Mechanics 3 SHM Watch
A) A particle is moving in a straight line with SHM of period 2pi secs about a centre O. When the particle is 0.5m from O its speed in zero. Calculate the maximum speed of the particle and its speed when it is 0.25m from O.
A piston of mass 1.5kg is moving with shm inside a cylinder. It performs 20 complete oscilations per minute and the distance between the extreme points of its motion is 2m. Calculate the maximum value of the kinetic energy possesed by the piston during its motion, stating clearly any assumptions you have made about the piston in order to calculate this.
Thanks for any help
v=0 at x=0.5m.
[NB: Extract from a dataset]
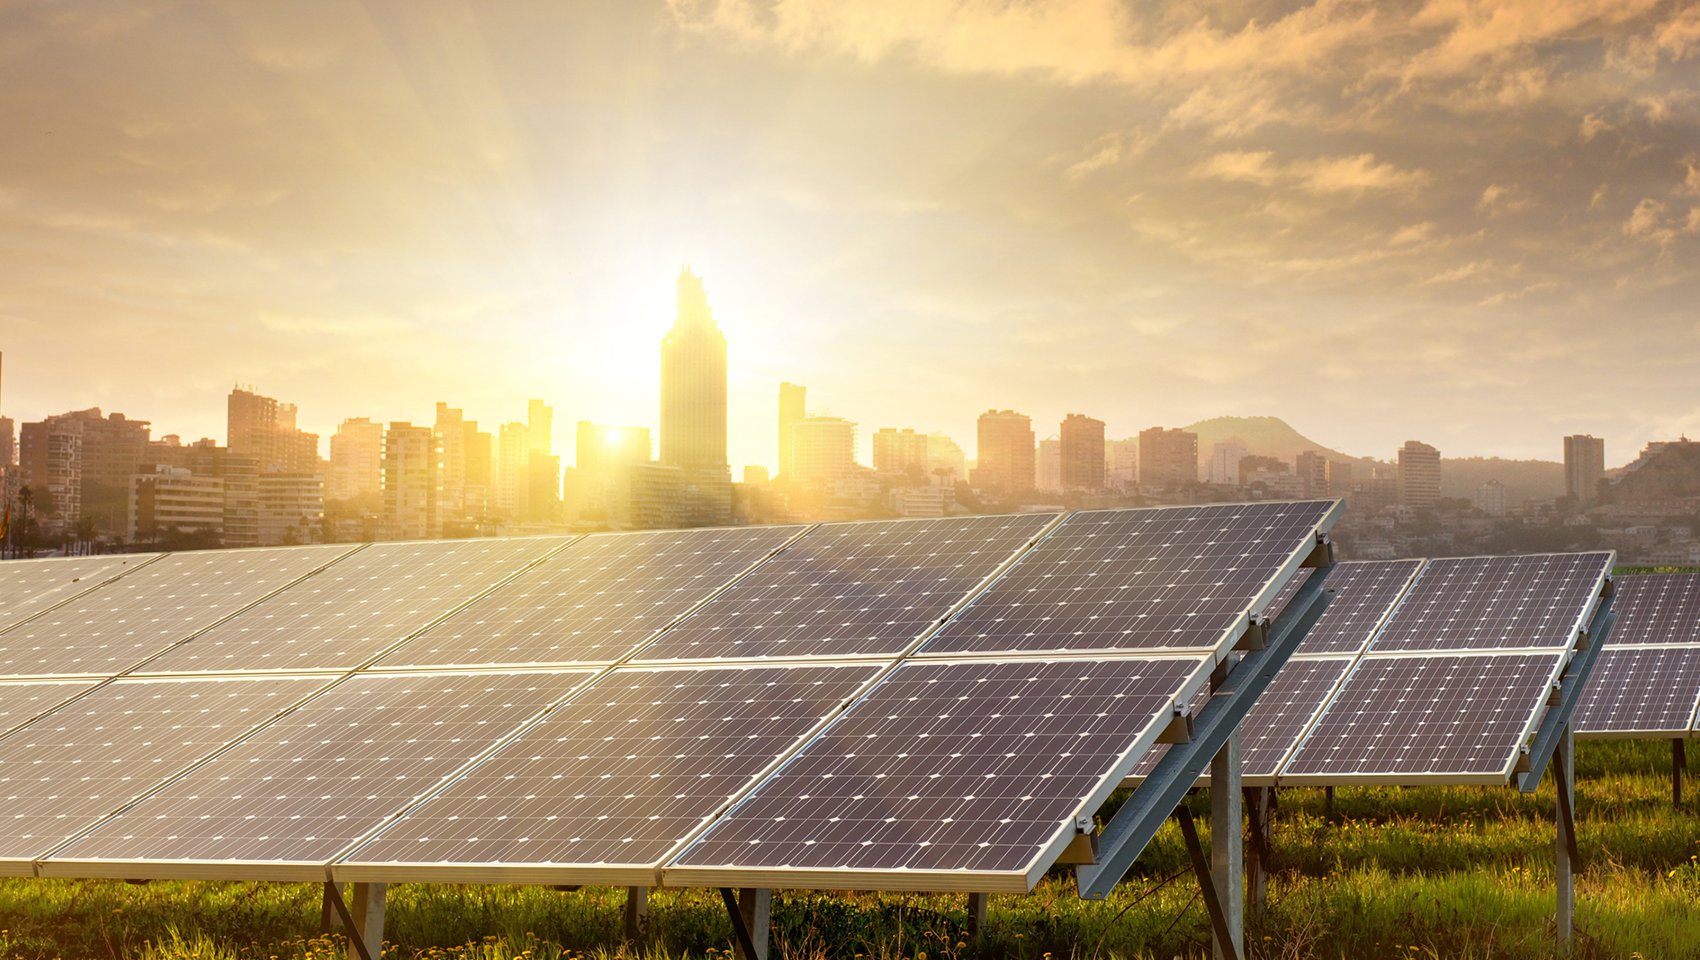 solar panels in a filed with city skyline in the background and sun shinin
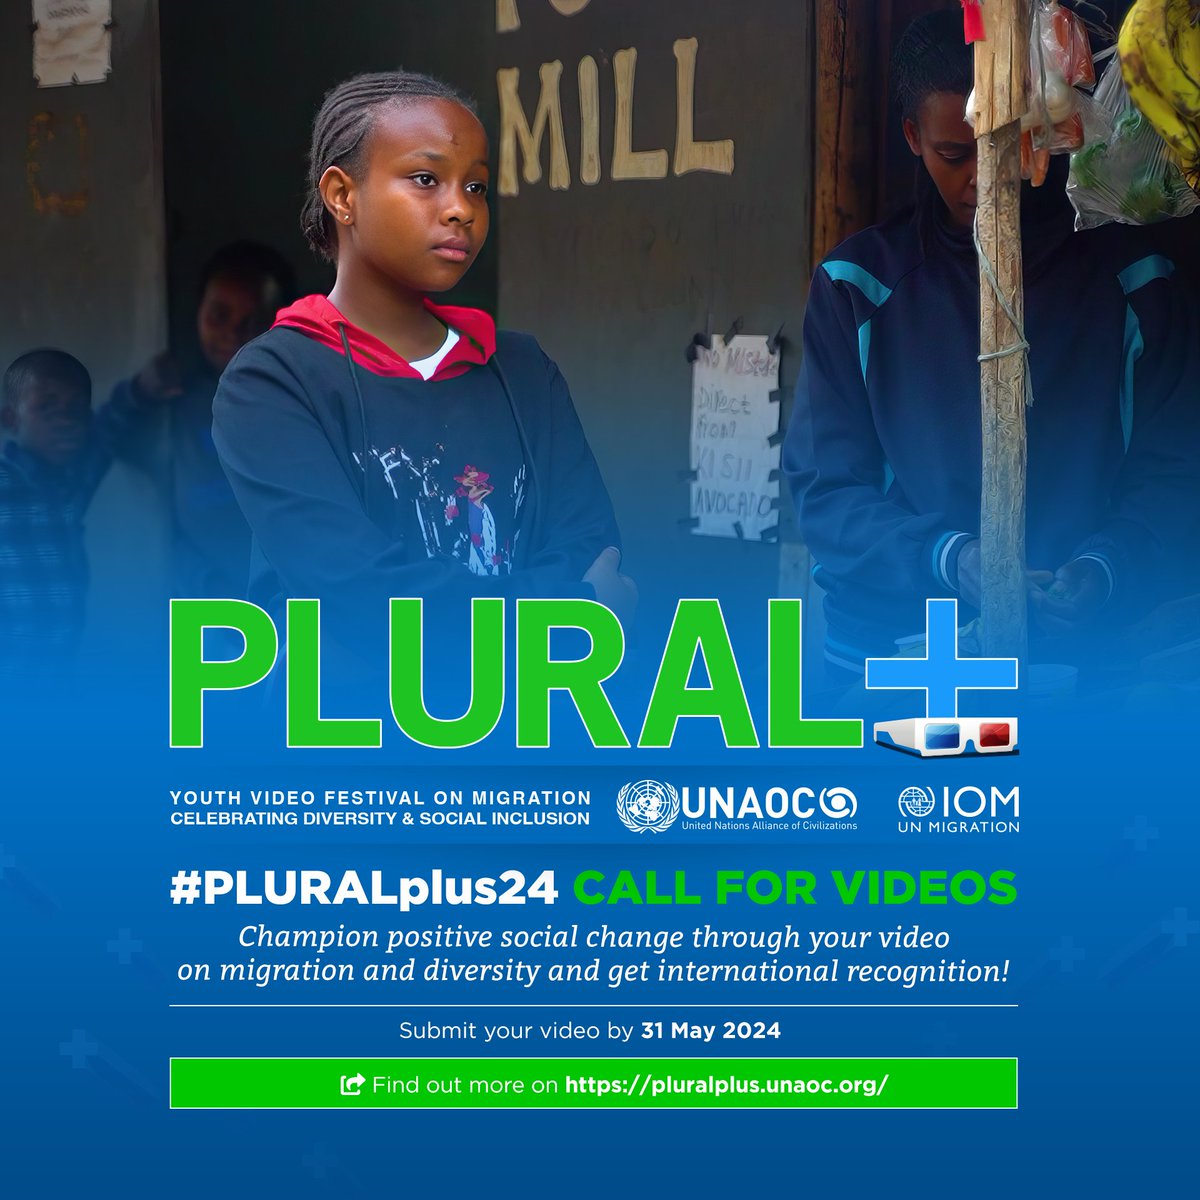 🎥Filmmakers across all genres have a unique opportunity to change perceptions on urgent topics like #migration, #diversity or #social #inclusion and create positive social impact across the 🌍 Submit your short video to the #PLURALplus24 video festival: pluralplus.unaoc.org

Hence the amplitude is 0.5m.
Vmax at x=0:
v^2 = w^2(a^2 - x^2)
v^2 = 1(.5^2 - 0)
v = 0.5ms^-1
V at x=0.25
v^2 = 1(.5^2 - 0.25^2)
1 oscillation per 3 sec.
Period = 3sec
2pi/w = 3
w = 2pi/3
Amplitude = 2/2 = 1m.
Ke max = 0.5m(vmax)^2
(Vmax)^2 = (2pi/3)^2[1 - 0^2]
Vmax = 2pi/3
Ke max = 0.75[2pi/3]^2
Assumptions: There are no resistances to the movement of the piston and it is small so can be modelled as a particle.
When speed is zero, distance is maximum, so amplitude(A)=0.5 m
Maximum speed is when the particle is at the center, i.e. when x=0.
v²=w²(A²-x²), when x=0 => v²=w²A², so:
Max speed = wA = 0.5 m/s
Speed @ x=0.25 can be found using:
1 oscillation is 2pi, 1 minute is 60 s => 20 osc/min = 20(2pi/60) = 2pi/3 rad/s = w
Extereme points of motion are 2m apart, so amplitude = 1m.
Maximum kinetic energy occurs when speed is maximum, so:
max speed = wA = 2pi/3 m/s
max KE = 0.5mv² = 0.5(1.5)(2pi/3)² =~ 3.29 J
Piston was modelled as a particle.